- **DATA EXTRACT**:
********************
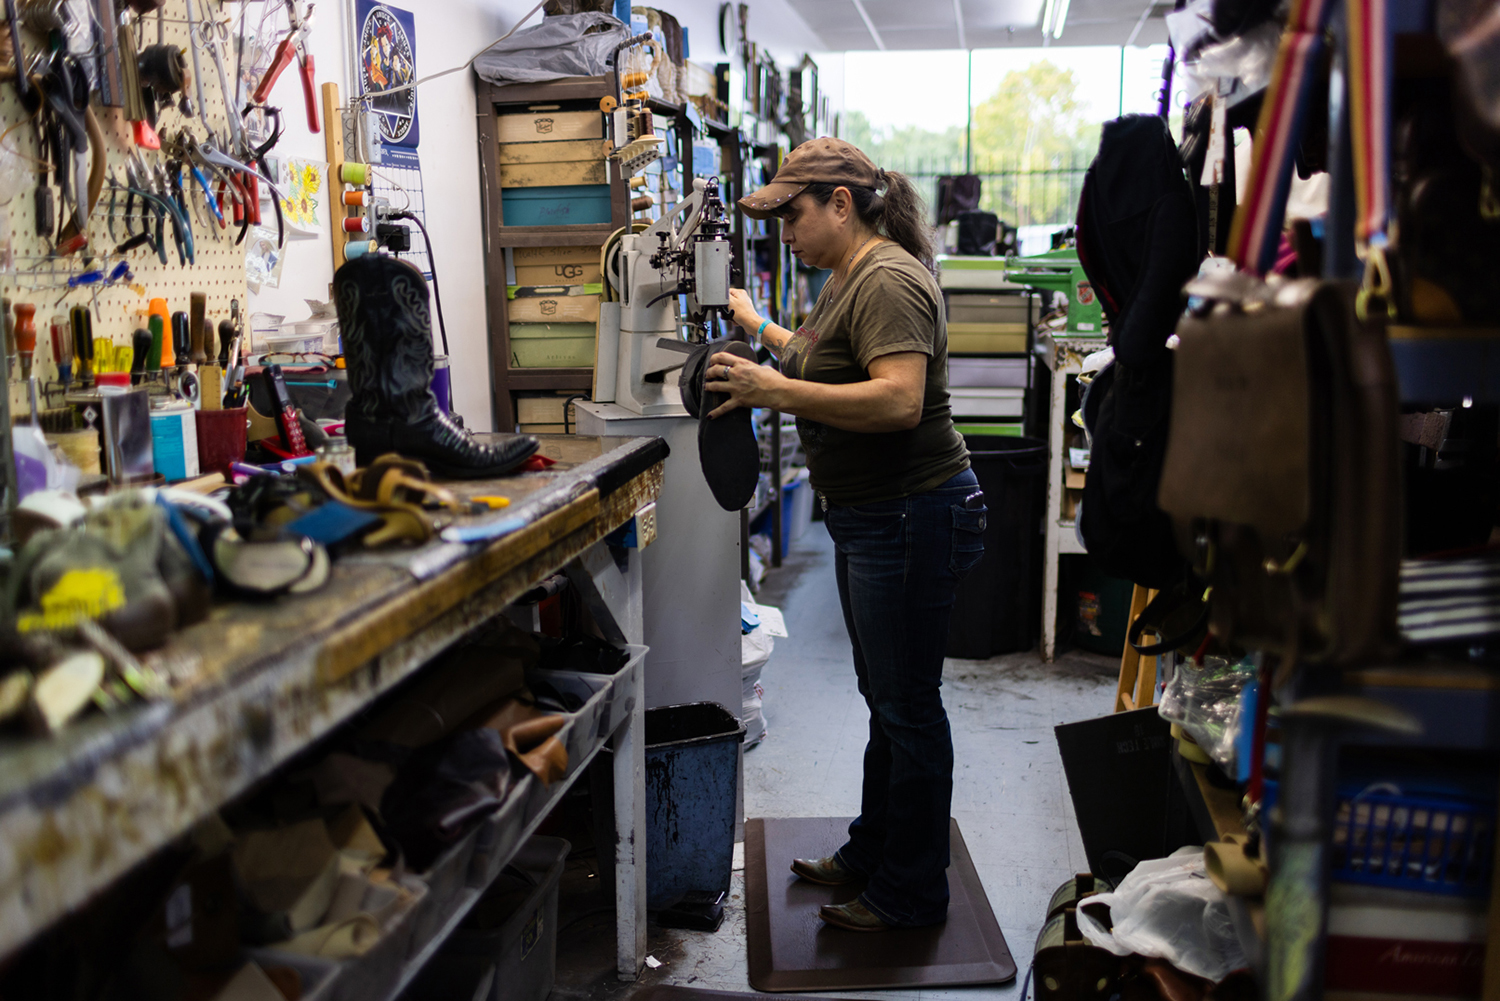 Lisa Klein repairs a leather boot at Walt’s Shoe Shop in Willowbrook. Klein has been running the repair shop since her husband died in 2018.
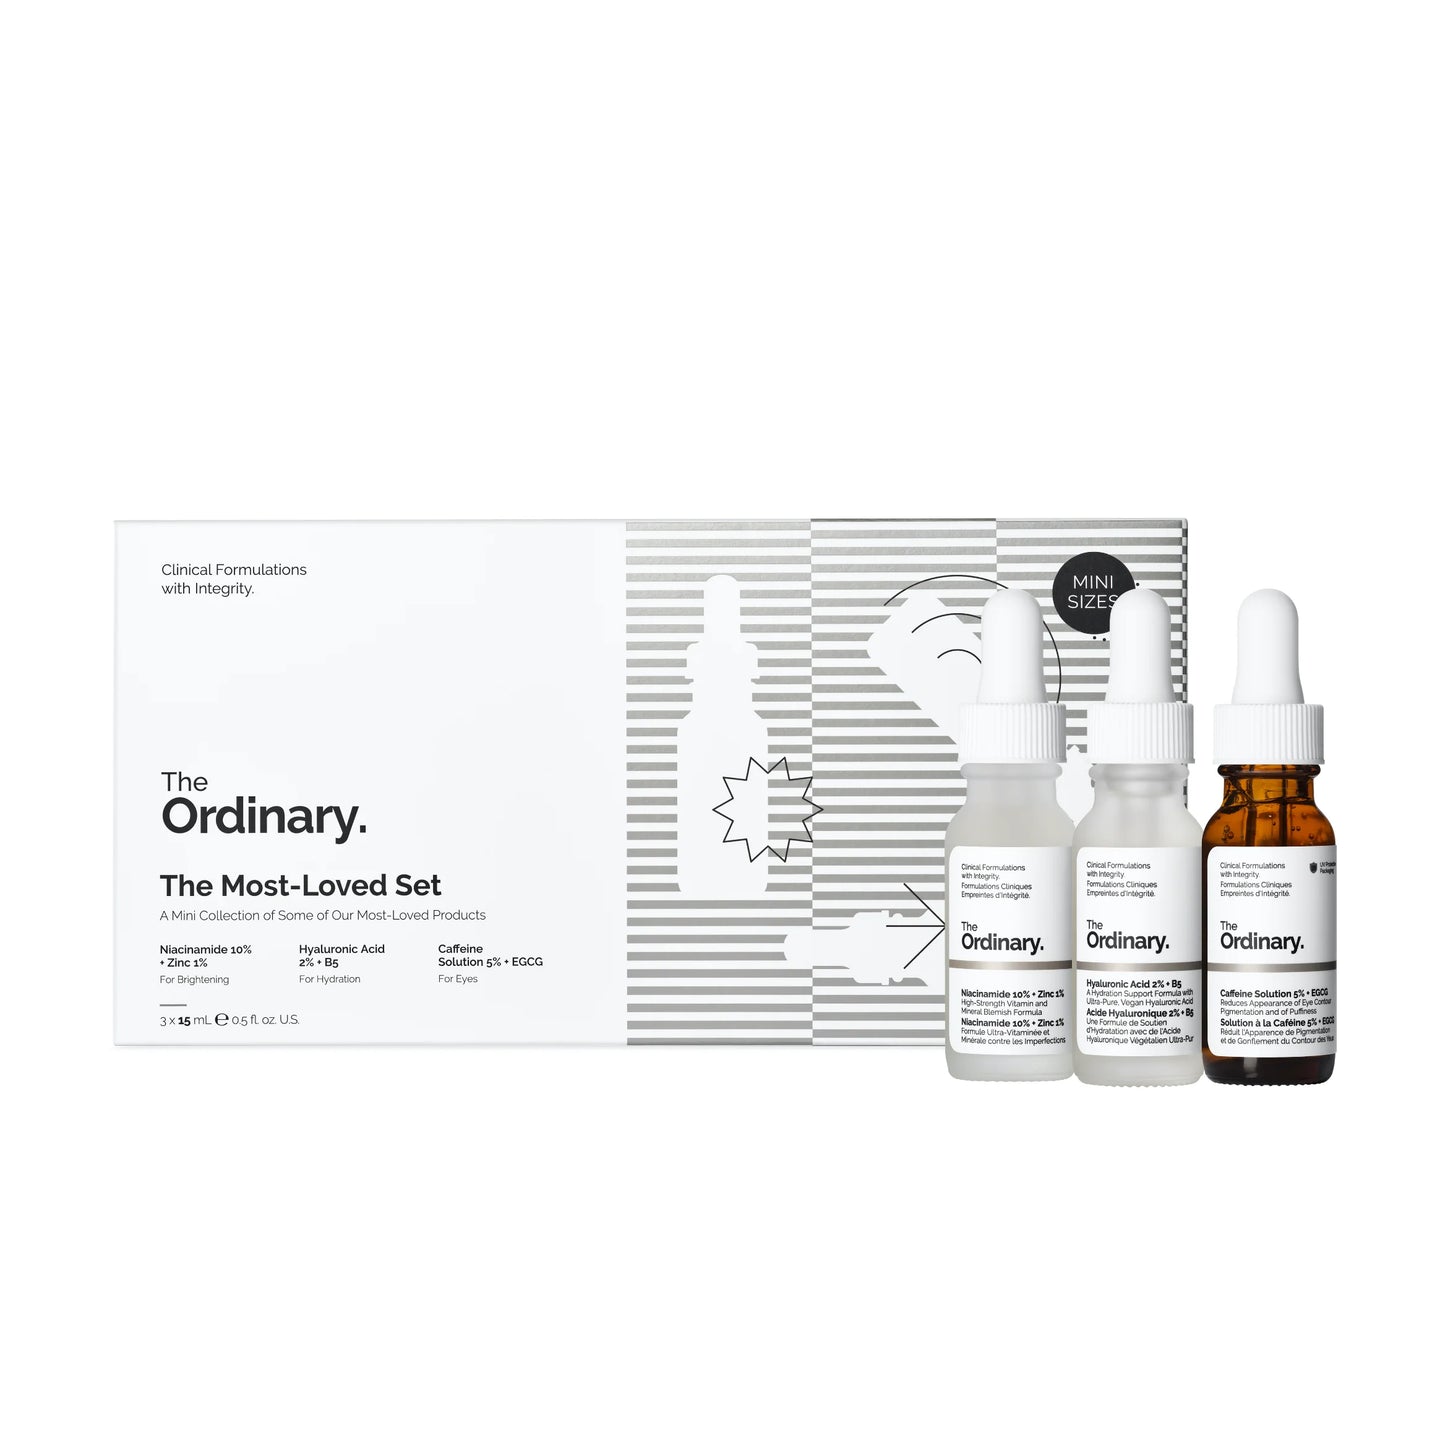 The Ordinary The Most-Loved Set Images
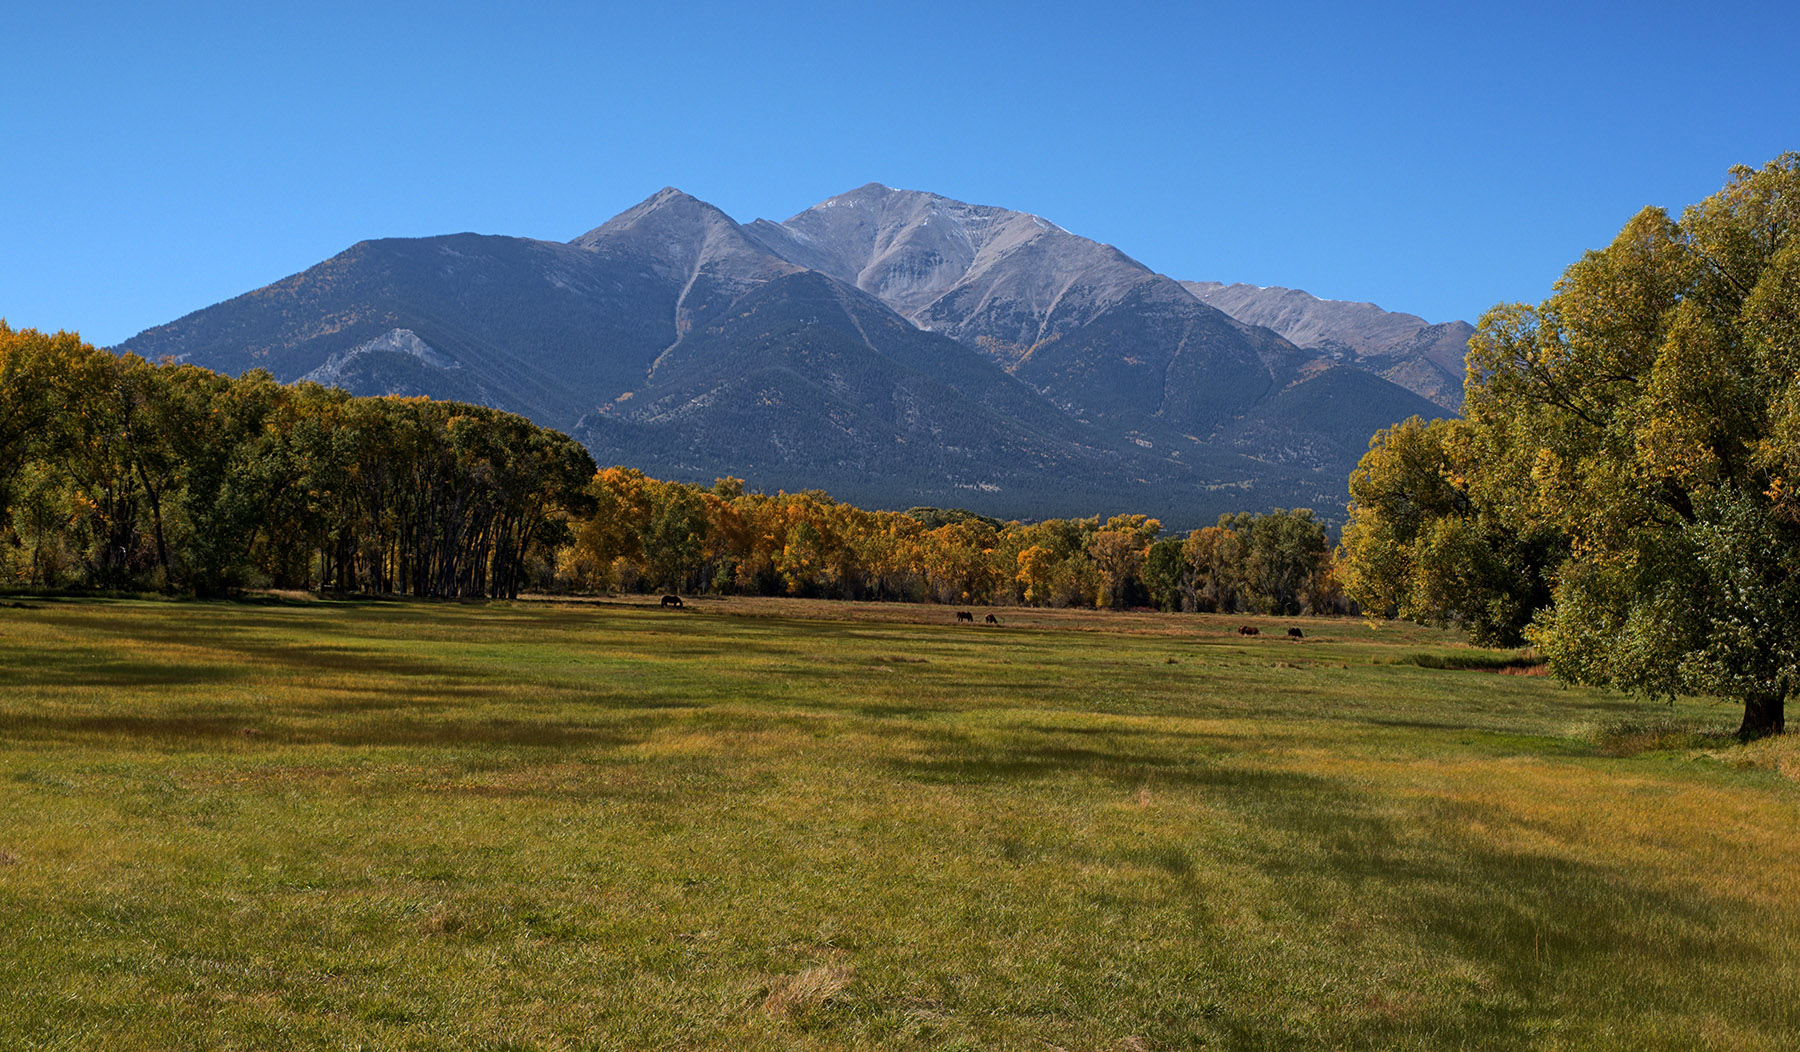 Mt. Princeton, horse pasture and cottonwood trees near Buena Vista CO.  Mt. Princeton is in the Collegiate Range which is the southern-most end of the Sawatch Range.  Peaks are composed of Precambrian gneiss, schist and granite.
********************
- **WHAT YOU HAVE TO DO**: Retype the listing exactly. Leave out its pictures.

- **SOLVED PROBLEM**:
 Lisa Klein repairs a leather boot at Walt’s Shoe Shop in Willowbrook. Klein has been running the repair shop since her husband died in 2018.
 The Ordinary The Most-Loved Set Images
 Mt. Princeton, horse pasture and cottonwood trees near Buena Vista CO.  Mt. Princeton is in the Collegiate Range which is the southern-most end of the Sawatch Range.  Peaks are composed of Precambrian gneiss, schist and granite.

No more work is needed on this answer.